На этом весь разговор и кончился, из войсковой части привезли Лобова в военную прокуратуру. Его подельник (соучастник) Юра Д. был уже там, - его взяли чуть раньше. В прокуратуре их допрашивали перекрестно, по разным кабинетам: два молодых следователя (по одному на каждого) задавали вопросы и вели протоколы, а военный прокурор - полковник, уже немолодой, с покрасневшими от недосыпания глазами, ходил по кабинетам - от одного к другому - и тут же, садясь прямо на угол стола, внимательно вслушиваясь в разговор, сравнивая их показания, выводил обеих на чистую воду. В итоге, часа через два-три допрос был окончен, причем отнюдь не в пользу допрашиваемых - по неопытности наговорили столько, что потом сами диву давались. Стоило брякнуть одному что ни будь лишнее, казалось бы к делу не относящееся, как прокурор тут же ухватывался за кончик ниточки и разматывал весь клубок уже через другого. Одно слово - профессионал.
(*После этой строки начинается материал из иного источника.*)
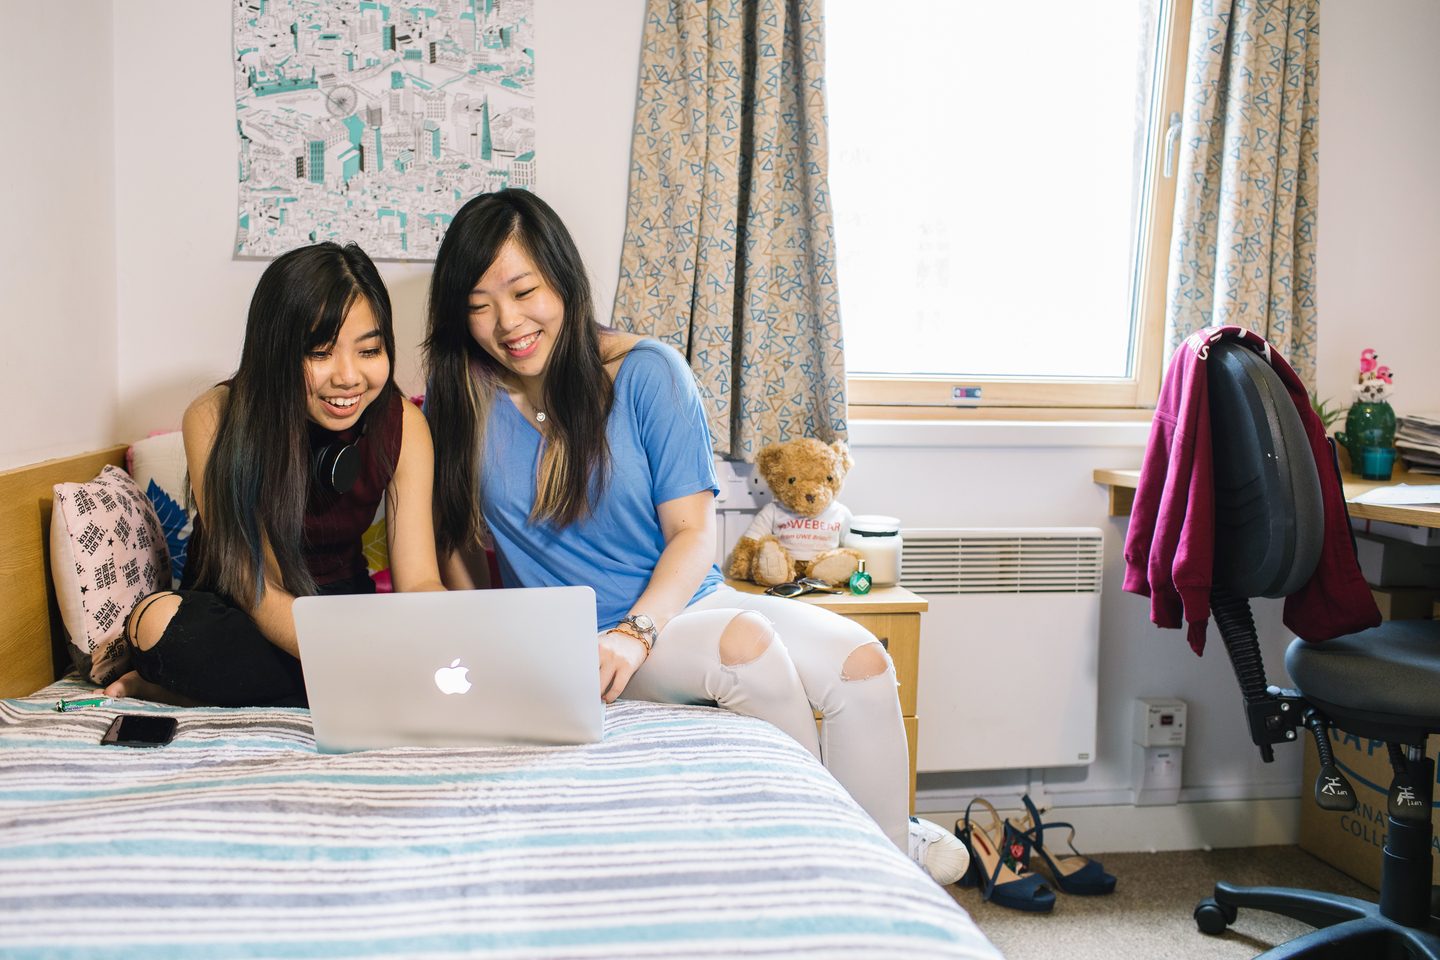 Students looking at a laptop on the bed

После допроса Лобова и его подельника так и оставили сидеть по разным кабинетам, в наручниках (руки спереди), - ждать спецмашину, которая и отвезет их в СИЗО (Лобов услышал из разговоров). На улице уже стемнело. К задержанным (опять же - по разным кабинетам) приставили по офицеру из комендатуры, и потеряли всякий интерес. К Лобову приставили капитана (не понятно - может специально) из его же части. Правда, капитан этот Лобову не был хорошим знакомцем, да и сидел на стуле прямо по середине огромного кабинета, скучая и читая какую-то газету. Лейтенант, следователь, сидел тут же за столом, перед Лобовым, и, повернувшись как то уж слишком демонстративно к нему спиной, выложил на стол, а потом стал убирать в сейф пистолет ПМ и две заряженные обоймы, изъятые у Лобова. Стол вот он, рядом с Лобовым. До пистолета и заряженных обойм - только руку протяни. Вернее - две руки, застёгнутые в наручники. За секунду, на раз-два, Михаил мог взять со стола и пистолет и обойму, затем вставить её и зарядить пистолет (наручники этому бы не помешали). Но прошла секунда, вторая и третья. Ну, зарядить пистолет, ну навести на лейтенанта с капитаном, ну заставить расстегнуть наручники, ну загнать их в угол кабинета, а потом то что?? Третий этаж здания военной прокуратуры, внизу – закрытая проходная с дежурным офицером (Лобова провели через неё). И пусть здание уже давно опустевшее. Время позднее. В низу могут быть те же невооруженные солдатики с патруля. Убежать прямо сейчас, с военной прокуратуры, через неделю активных поисков, было бы для Лобова в глазах оперативников - сверхнаглостью. «- Ну и лохи же, - эти вояки!» - Миша прямо видел перед собой реакцию обычных милицейских оперов на такой его фортель в стенах военной прокуратуры. Лейтенант, как будто прочитав мысли Лобова, и на секунду осознав свою оплошность, быстренько взял пистолет с обоймами и таки закрыл в сейф. Или, всё таки, это была провокация с его стороны? Поди – разберись.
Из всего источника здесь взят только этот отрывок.